Сегодня Трифонов кажется устаревшим. Уходит со сцены поколение, за свои 120 в месяц скучавшее в НИИ и в КБ, а по вечерам слушавшее бардов и "вражеские" голоса. Кажется наивной проза, написанная добротно, но слишком понятно, без фантастических приколов, без мистики и всепроникающей глумливости. Вопрос, когда же придет "новый Трифонов", заведомо бессмыслен. Показывать сегодняшнюю жизнь в натуральную величину, как это удавалось Трифонову, придется не подражая ему, а изобретая новые приемчики.
Читатель стал другой, именно он — главный враг честного бытописательского реализма. Ветераны-шестидесятники держатся за Трифонова как за знамя, хотя при жизни он побывать культовым писателем не успел. Читали все, но при этом считали автора слишком осторожным, не числившимся в "диссидентуре".
Прожив неполных пятьдесят шесть лет, Трифонов успел пережить несколько эпох. Самый молодой лауреат Сталинской премии, он сумел выйти из советской литературы без жестов и скандалов — что называется, естественным, эволюционным путем. Просто много наблюдал и думал и однажды родился вторично как автор знаменитых "московских" повестей ("Обмен", "Долгое прощание", "Предварительные итоги"). Своих героев отказывался называть интеллигентами, но и ярлык "мещанства" не хотел на них вешать. Называл их просто "горожанами". Это была нормальная проза для нормальных людей, показавшаяся необычной на фоне официальной лжи и кукишей в кармане.
Потом он двинулся в прошлое. И увлек туда читателей, показав им без всякого ретро и гражданскую войну ("Старик"), и годы сталинизма ("Время и место", неоконченное "Исчезновение"). Отец Трифонова был профессиональным революционером, одним из организаторов Красной гвардии, в дальнейшем председателем военной коллегии Верховного суда СССР и жертвой той самой судебной системы. В продолжающемся вечнорусском романе "Отцы и дети" Юрий Трифонов — персонаж необычный. Поколение своих родителей он не осуждал и не оправдывал, а сумел исследовать и понять. Книга об отце была выпущена в середине шестидесятых годов "политиздатской" серией с нелепым названием "Пламенные революционеры". Однако в противовес общепринятому пафосу она называлась сдержанно — "Отблеск костра".
В то время всех призывали гореть — на работе, в идейной борьбе — с той или иной стороны. А Трифонов именно в "нетерпимости" увидел неизбежную причину зла и жестокости. "Нетерпение" — так назвал он свой роман о народовольце Желябове, где окончательно разобрался с нетерпеливыми революционерами.
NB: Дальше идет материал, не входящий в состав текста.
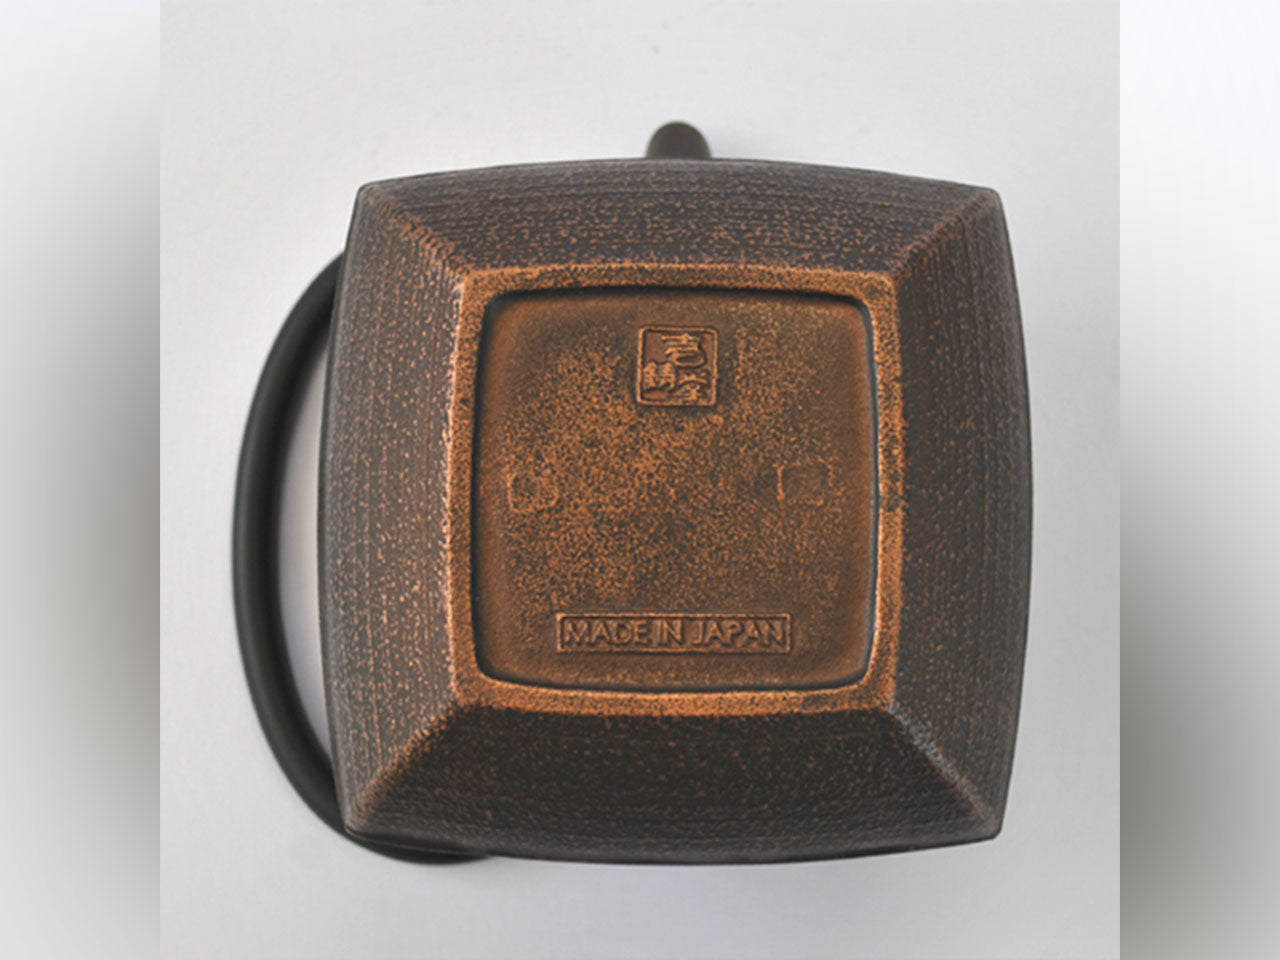 茶具 茶壶 石庭 0.8L 铜黑 南部铁器 金属工艺品

И в том, что мы сегодня не ждем нового мессию и спасителя отечества, есть определенная заслуга "равнодушного" Трифонова.
А главная вещь — "Дом на набережной", само название которого стало фактом и русского языка, и московской биографии. Там пока нет не только монумента, но даже и мемориальной доски Трифонову, но для всех, его читавших, этот дом — памятник писателю. Он не очень верил в бессмертие души, но абсолютно точно знал, что такое профессиональная работа, рассчитанная на вечность. Очень большое внимание уделял вопросам литературной техники, постоянно на эту тему рефлектировал устно и письменно. Призывал всех коллег к "многописанию": авось, что-нибудь толковое у нас с вами и получится. Отказавшись от каких бы то ни было иллюзий, он и к метафизическим проблемам подходил с меркой здравого смысла: вспомним повесть "Другая жизнь". Чтение Трифонова пробуждает вкус к этой, такой несовершенной, но единственной жизни. Всегда можно прийти в Елисеевский гастроном, купить там пирожное и тут же жадно его съесть, как это делает трифоновский Ганчук после идейной проработки за "космополитизм" в институте.